Джим понимает, что должен чувствовать радость. Она будто прогрызается сквозь одеревенелые мышцы лица, пытается разгореться где-то глубоко в груди. Но очень медленно. Неохотно. Даже недоверчиво.

– Как ты здесь оказался? – Вместо всех слов, которые сейчас надо бы говорить. О том, как скучал всё это время. Как жил один, загибаясь с тоски в пустой квартире. Как работал на износ – клиника, преподавание в университете – лишь бы поменьше времени проводить дома.

– Да мимо проезжал, дай, думаю, заверну в парк, пару кадров с прудом... – кивает на свой рюкзак через плечо, где, видимо, фототехника, – а что-то ни кадров, ни даже уток в пруду. Представь, – щурится, в уголках глаз едва заметные морщинки. Чешет нос, шмыгает (на запястье какой-то браслет из мелких бусинок), – выходной насмарку. Никакого желания фотографировать. А тут смотрю, ещё какой-то шиз выбрался в такую холодину к озеру... и кто же знал... что это ты.

– Я живу неподалёку.

Джим делает полшага вперёд, обнимает Арсения. Его куртка мокрая и холодная, и пахнет…

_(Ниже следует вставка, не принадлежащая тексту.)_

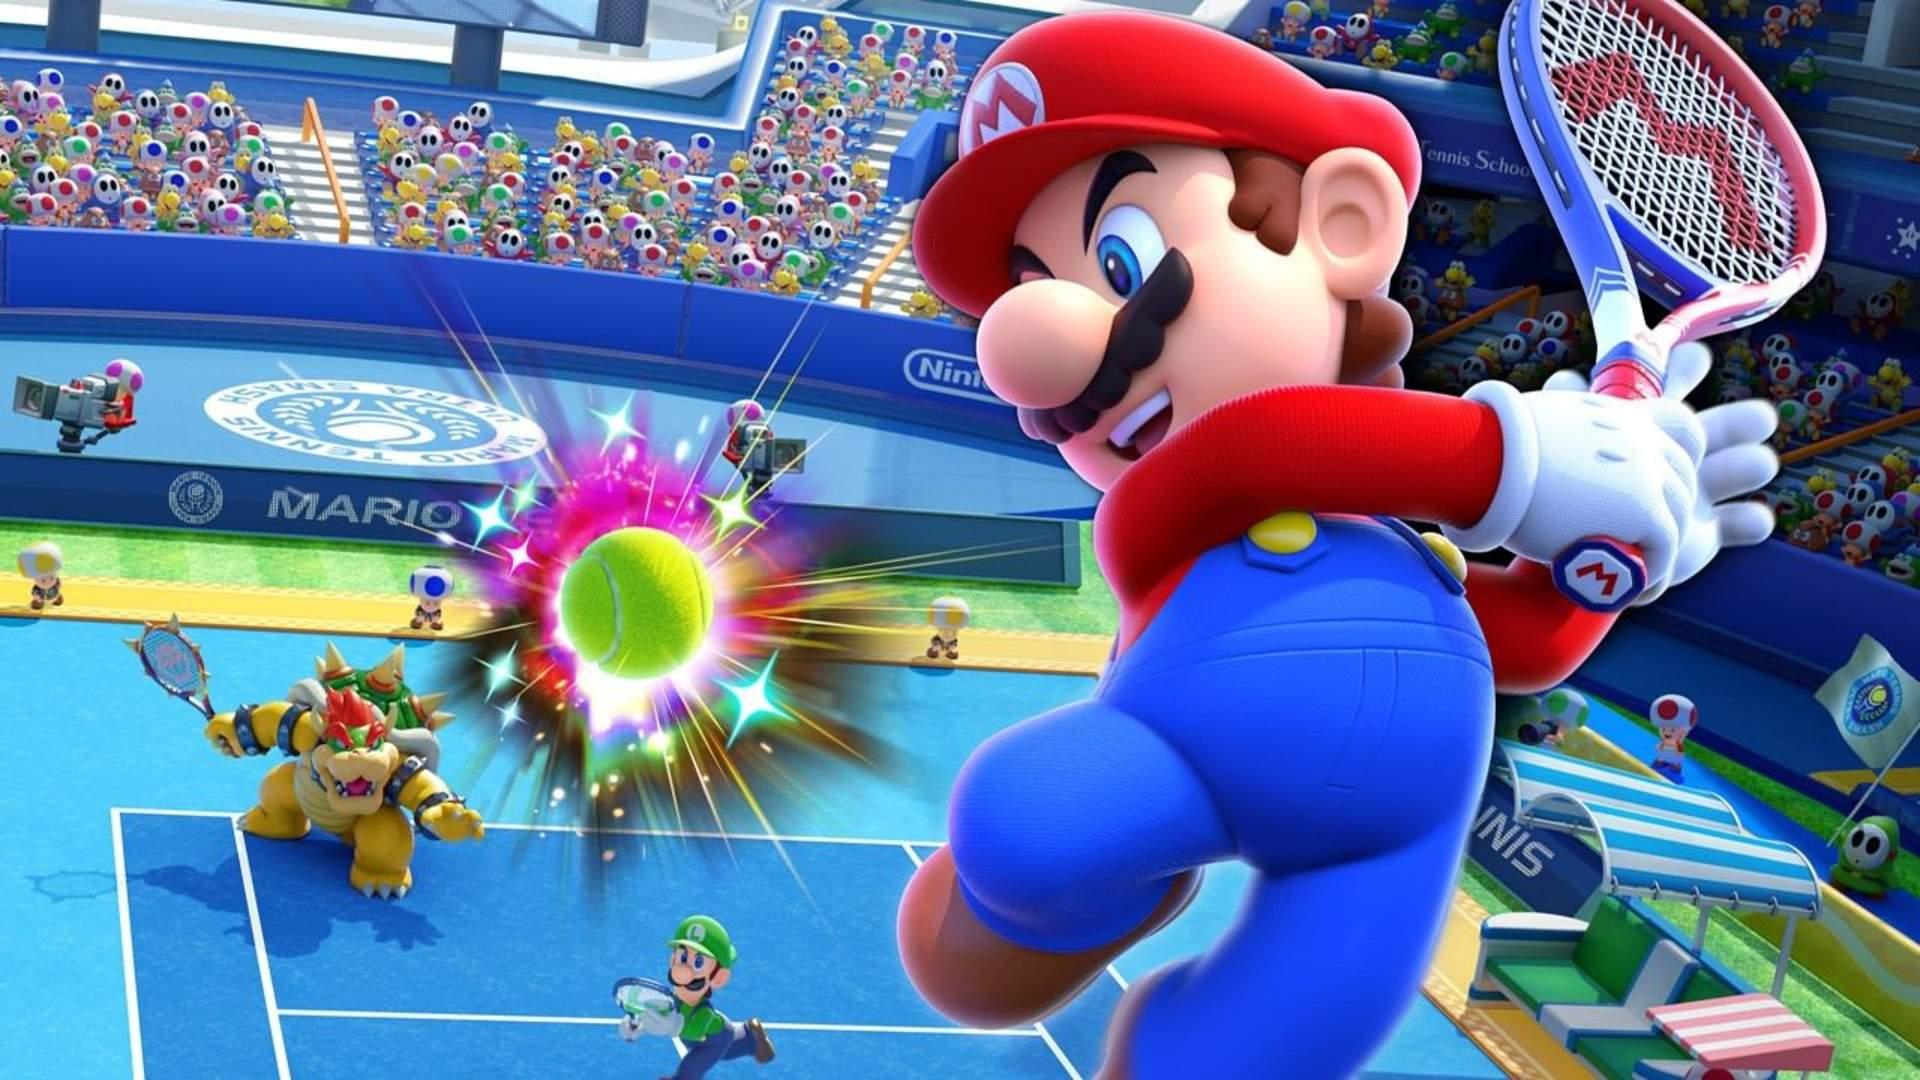 Mario Tennis Aces tournament

Не сразу выходить распознать запах. Кажется, дым.

Да, точнее (ещё несколько втягиваний воздуха) – дым, осенний холод (не удивительно – в парке), слабый химически сладкий запах ароматизатора из салона автомобиля. Курево немного. И, кажется, сладкий кофе и сандвичи с копчёной курицей и свежими огурцами. Или это уже фантазия разыгралась. Не может же, в самом деле, от кожаной куртки пахнуть огурцами.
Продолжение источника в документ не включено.